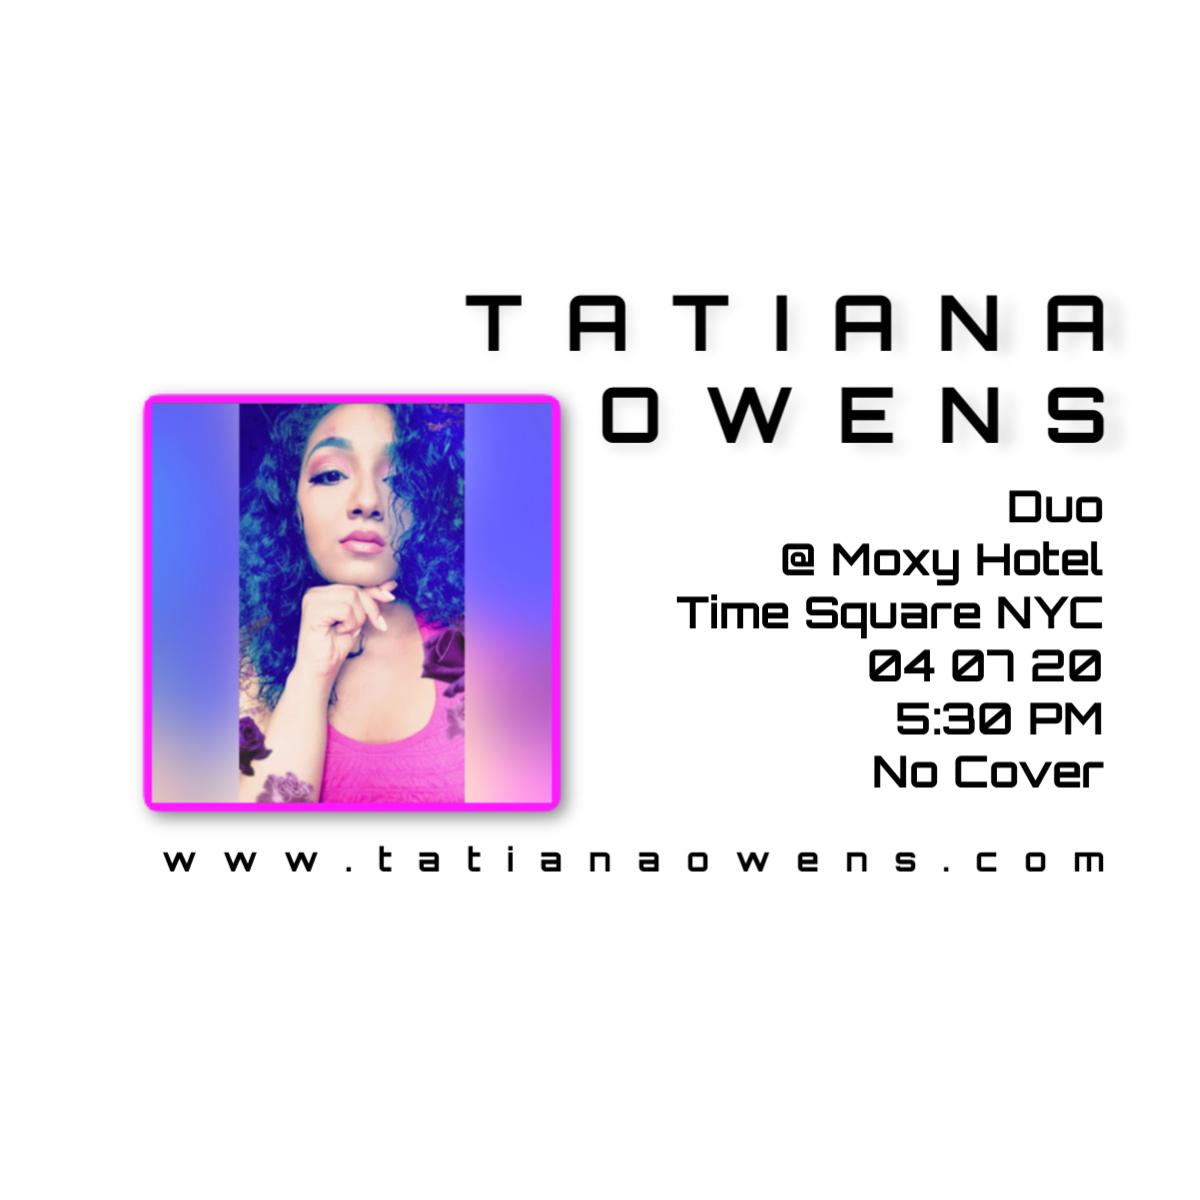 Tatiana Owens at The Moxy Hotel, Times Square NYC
==
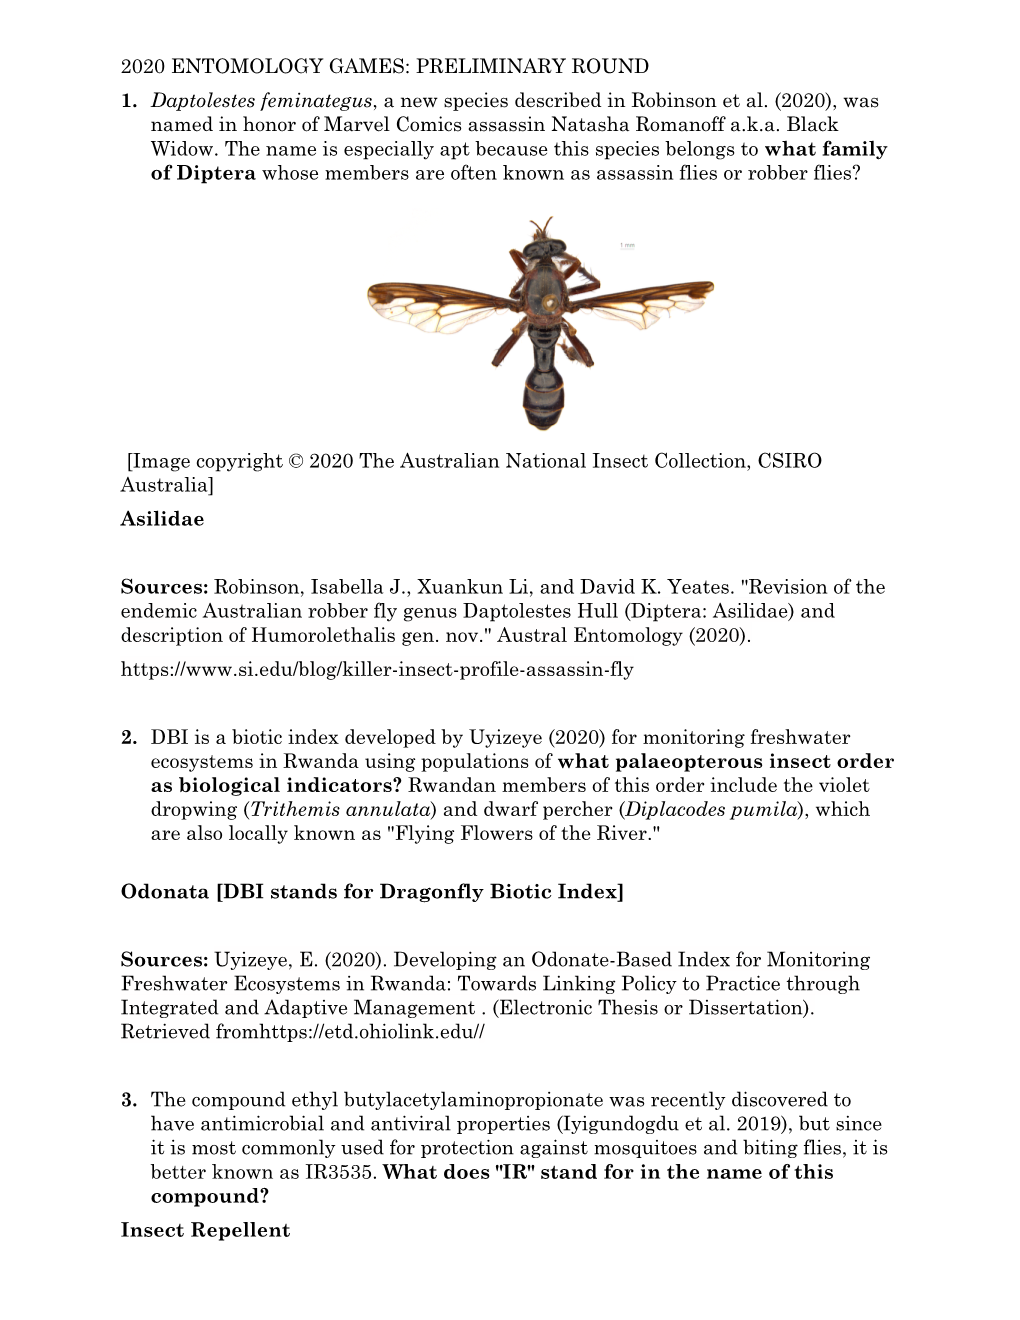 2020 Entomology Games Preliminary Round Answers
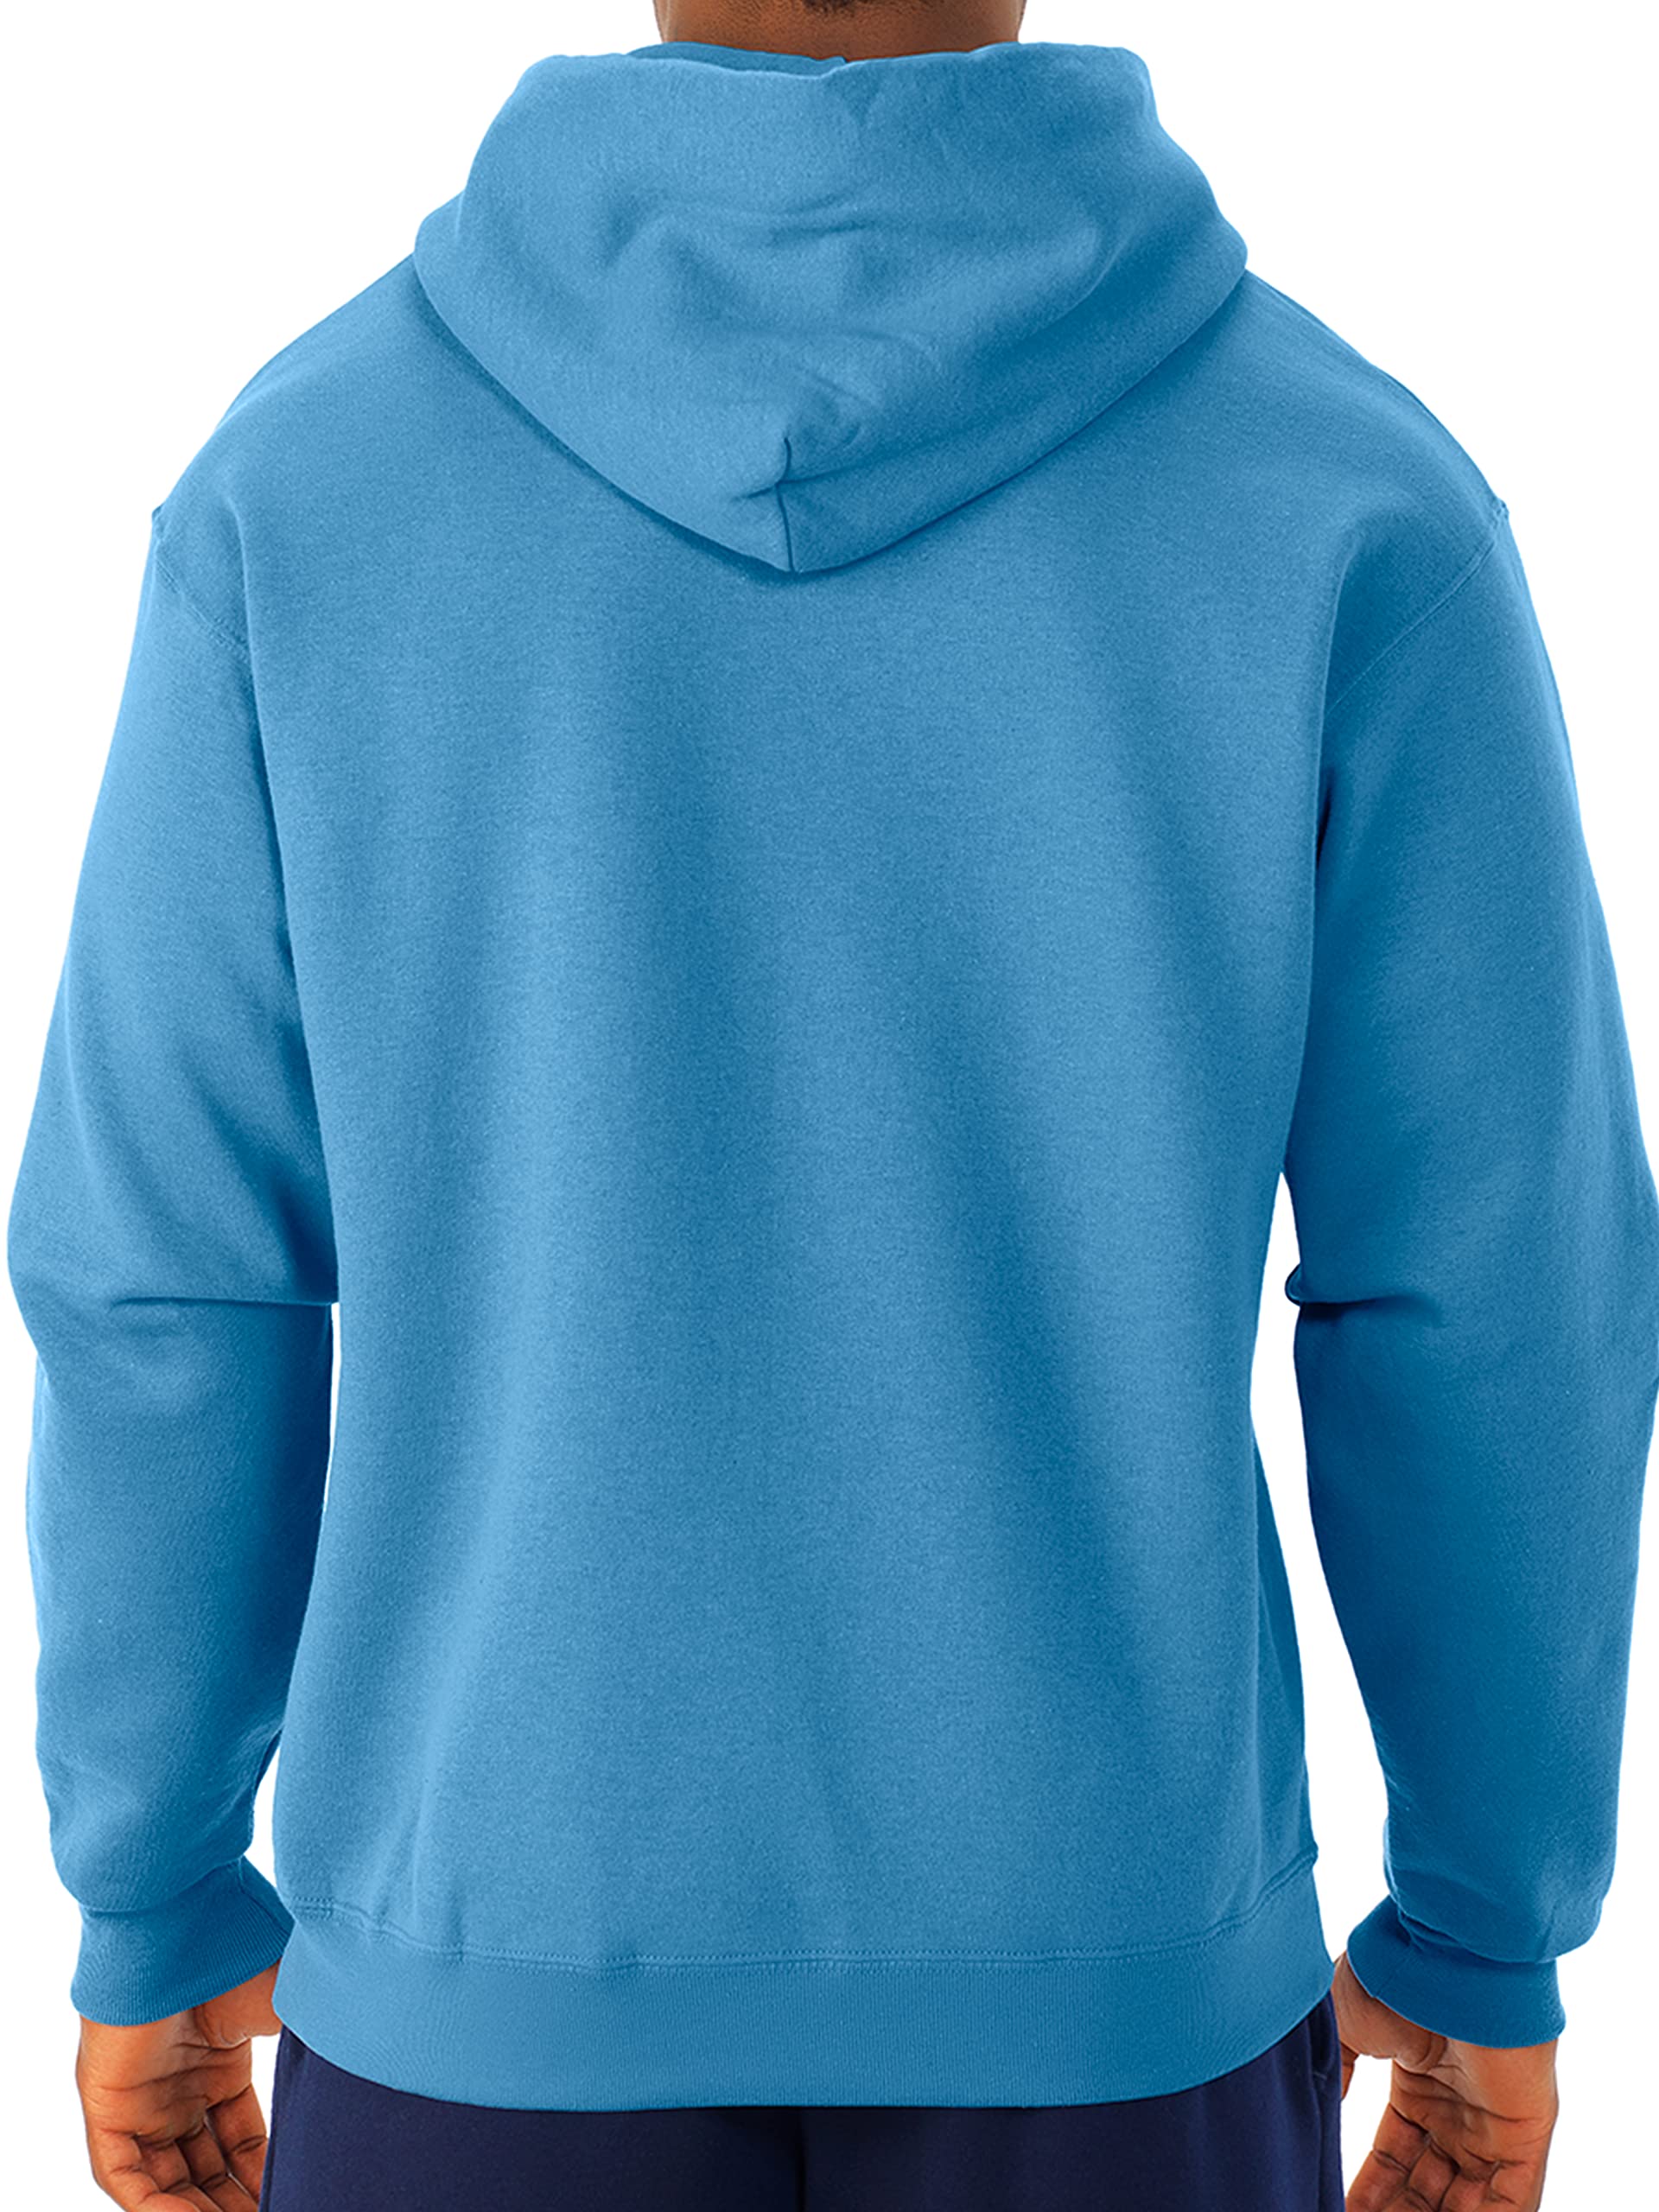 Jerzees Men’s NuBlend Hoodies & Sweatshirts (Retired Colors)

• _DIRECTIONS_: Copy the listing above exactly, but only from the line with "2020 Entomology Games" through the line with "Jerzees Men’s NuBlend", including those two lines and excluding any picture.

• _EXPECTED ANSWER_:
 2020 Entomology Games Preliminary Round Answers
 Jerzees Men’s NuBlend Hoodies & Sweatshirts (Retired Colors)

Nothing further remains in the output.